Certain information and footnote disclosures normally
included in financial statements prepared in accordance with
generally accepted accounting principles have been condensed
or omitted. It is suggested that these financial statements
be read in connection with the annual consolidated financial
statements and notes thereto.
Earnings per share - Earnings per share is computed based
upon net income divided by the weighted average number of
shares outstanding. The impact of stock options on earnings
per share is not materially dilutive.
Reclassifications - Certain reclassifications have been made
to prior year balances to conform with the classifications
of such amounts in the current period.
Accounting pronouncements - In March 1995, the Financial
Accounting Standards Board issued SFAS 121, "Accounting for
the Impairment of Long-Lived Assets and for Long-Lived
Assets to be Disposed of," which establishes accounting
standards for such assets.

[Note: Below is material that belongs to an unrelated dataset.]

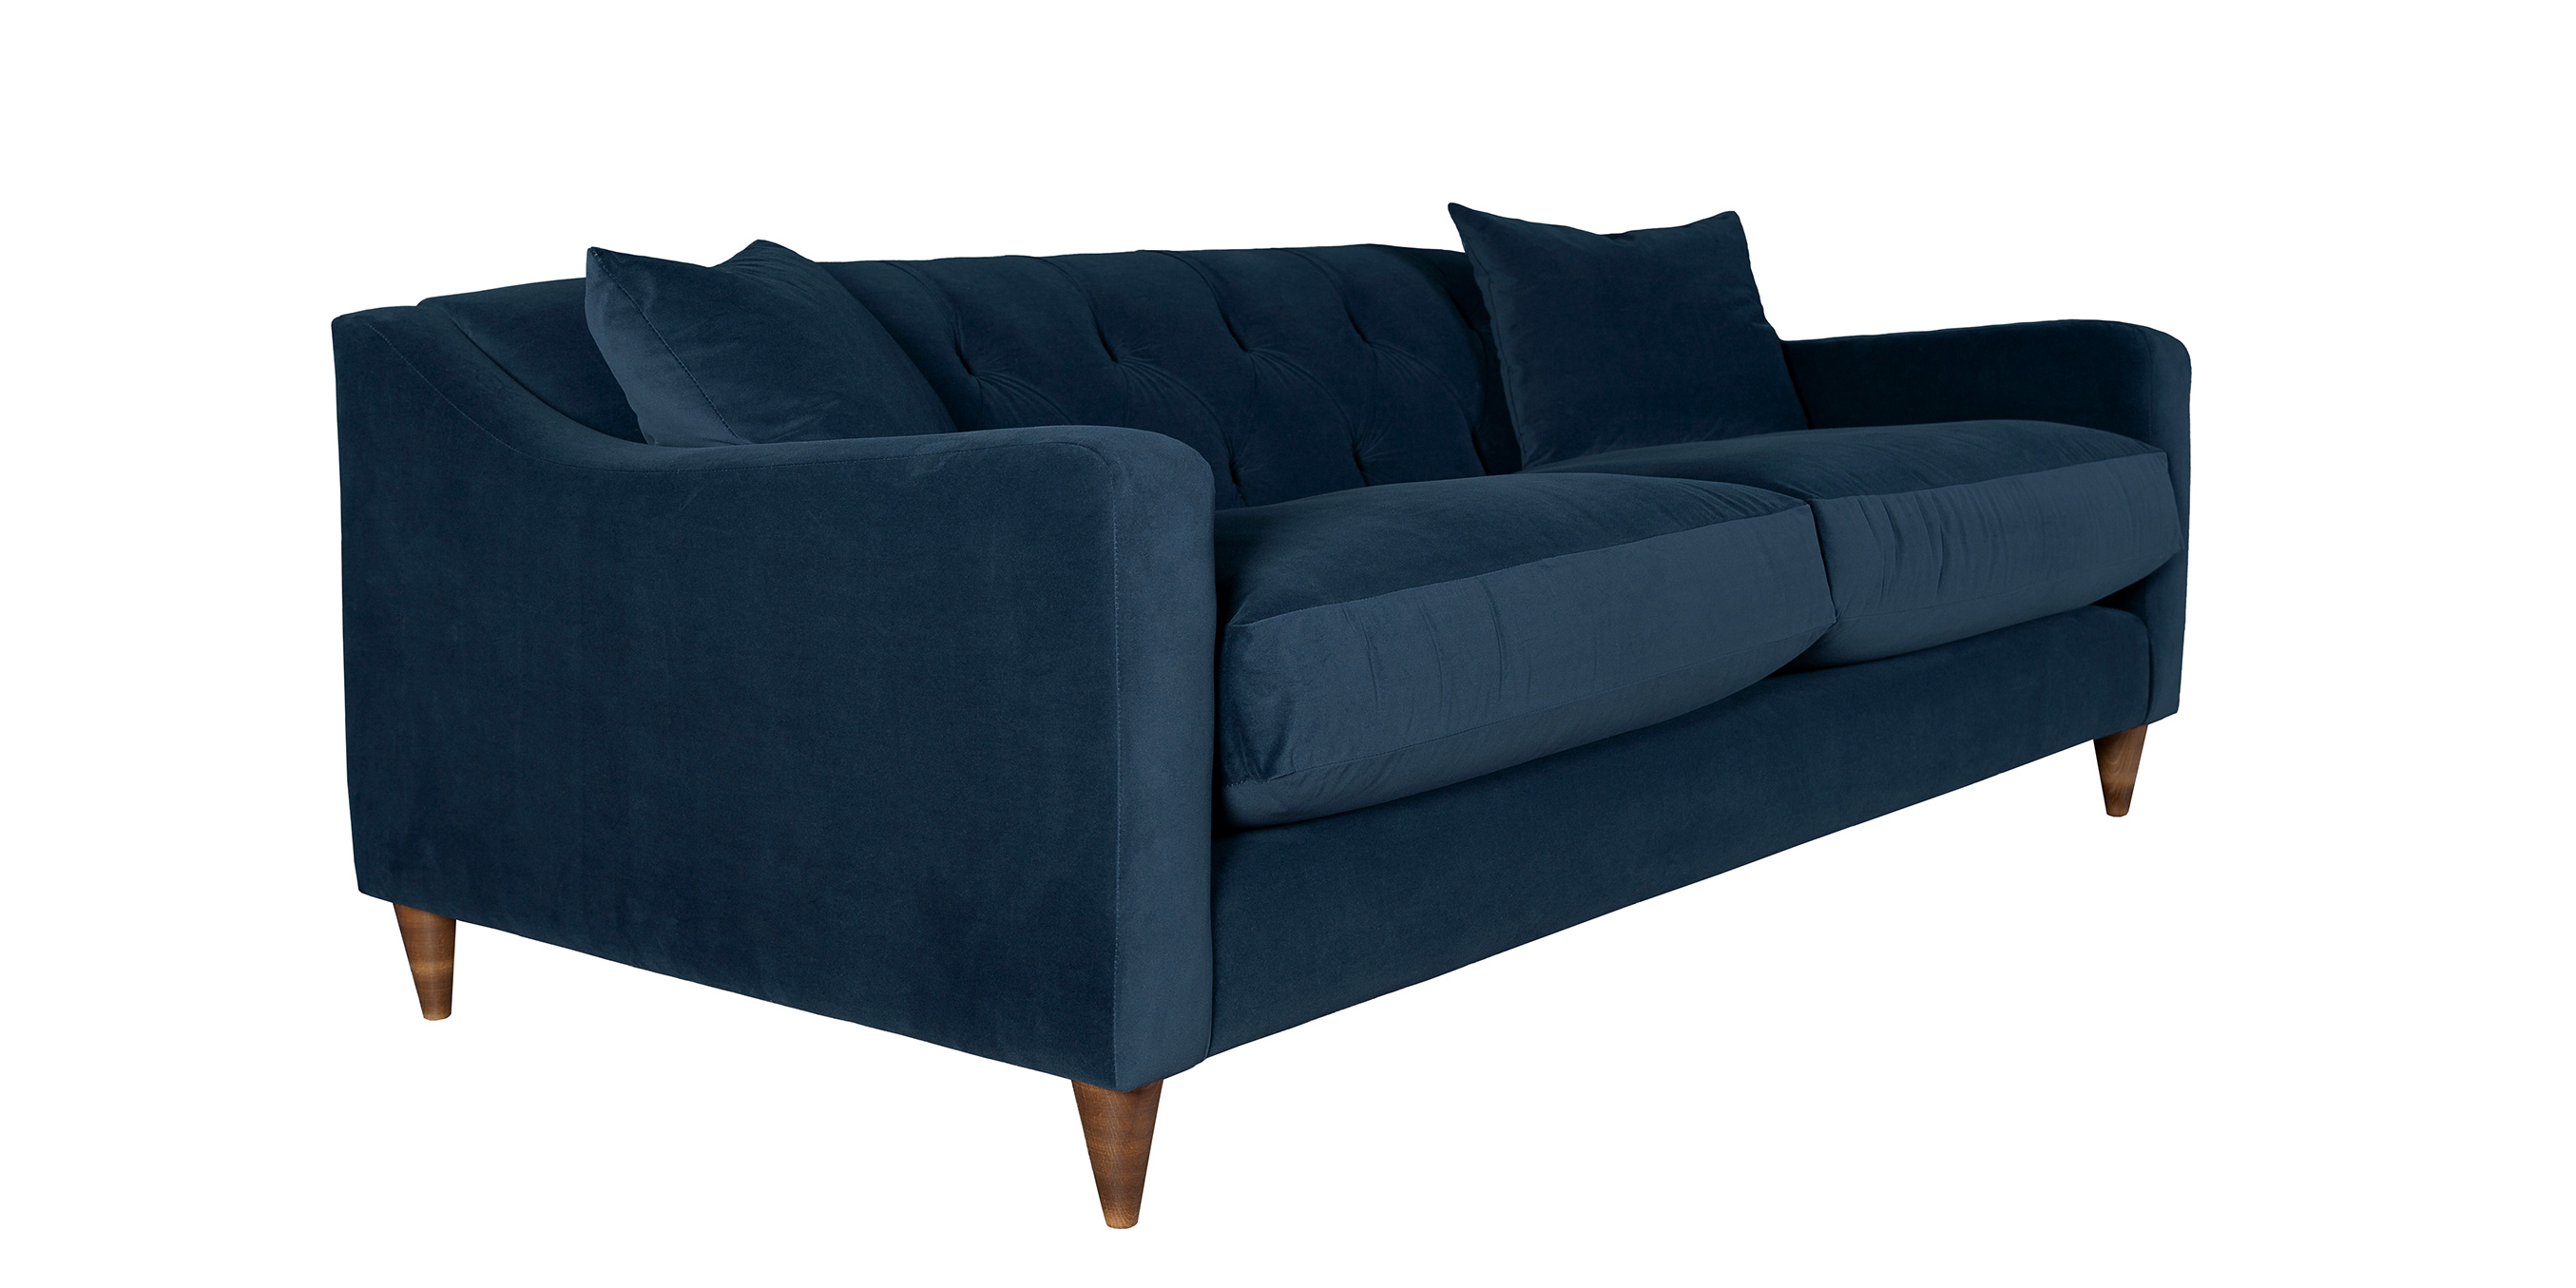 Scarborough sofa available for quick delivery

In October 1995, the Financial
Accounting Standards Board issued SFAS 123, "Accounting for
Stock-Based Compensation." SFAS 123 establishes a fair
value method and disclosure standards for stock-based
employee compensation arrangements, such as stock purchase
plans and stock options. As allowed by SFAS 123, the
Company will continue to follow the provisions of Accounting
Principles Board Opinion 25 for such stock based
compensation arrangement and disclose the proforma effects
of applying SFAS 123, if any, in the financial statements.
The Company adopted these new standards effective February
4, 1996. The adoption of these standards had no material
impact on the Company's financial position, results of
operations or related disclosures to the Notes to
Consolidated Financial Statements.
ITEM 2. MANAGEMENT'S DISCUSSION AND ANALYSIS OF FINANCIAL
CONDITION AND RESULTS OF OPERATIONS
Results of Operations
The following table presents selected results of operations expressed as a
percent of net sales:
13 Weeks 13 Weeks
Ended Ended
May 4, April
1996 30, 1995
Net sales 100.0% 100.0%
Gross margin 29.7% 30.6%
Selling, general and 26.1% 27.3%
administrative expense
Advertising 3.3% 4.7%
Depreciation & amortization 1.6% 1.7%
Interest expense 0.7% 0.7%
Loss before income taxes (2.0%) (3.8%)
Net sales. Comparable store sales have declined 3.2% during
the thirteen weeks ended May 4, 1996 ("fiscal 1996 first
quarter") compared to the thirteen weeks ended April 30, 1995
("fiscal 1995 first quarter"). Net sales in the fiscal 1995
first quarter were particularly strong as comparable store sales
increased 5.6% from the prior year first quarter. The fiscal
1995 first quarter benefited from expanded advertising programs
which were not repeated in the current year.
Net sales during the quarter also reflect the effect of a
net increase of eleven stores as the Company was operating 211
stores as of May 4, 1996 compared to 200 as of April 30, 1995.
The Company opened 7 new stores while closing 4 during fiscal
1996 first quarter. Total selling square footage increased to
3,007,847 at May 4, 1996 from 2,934,314 at April 30, 1995.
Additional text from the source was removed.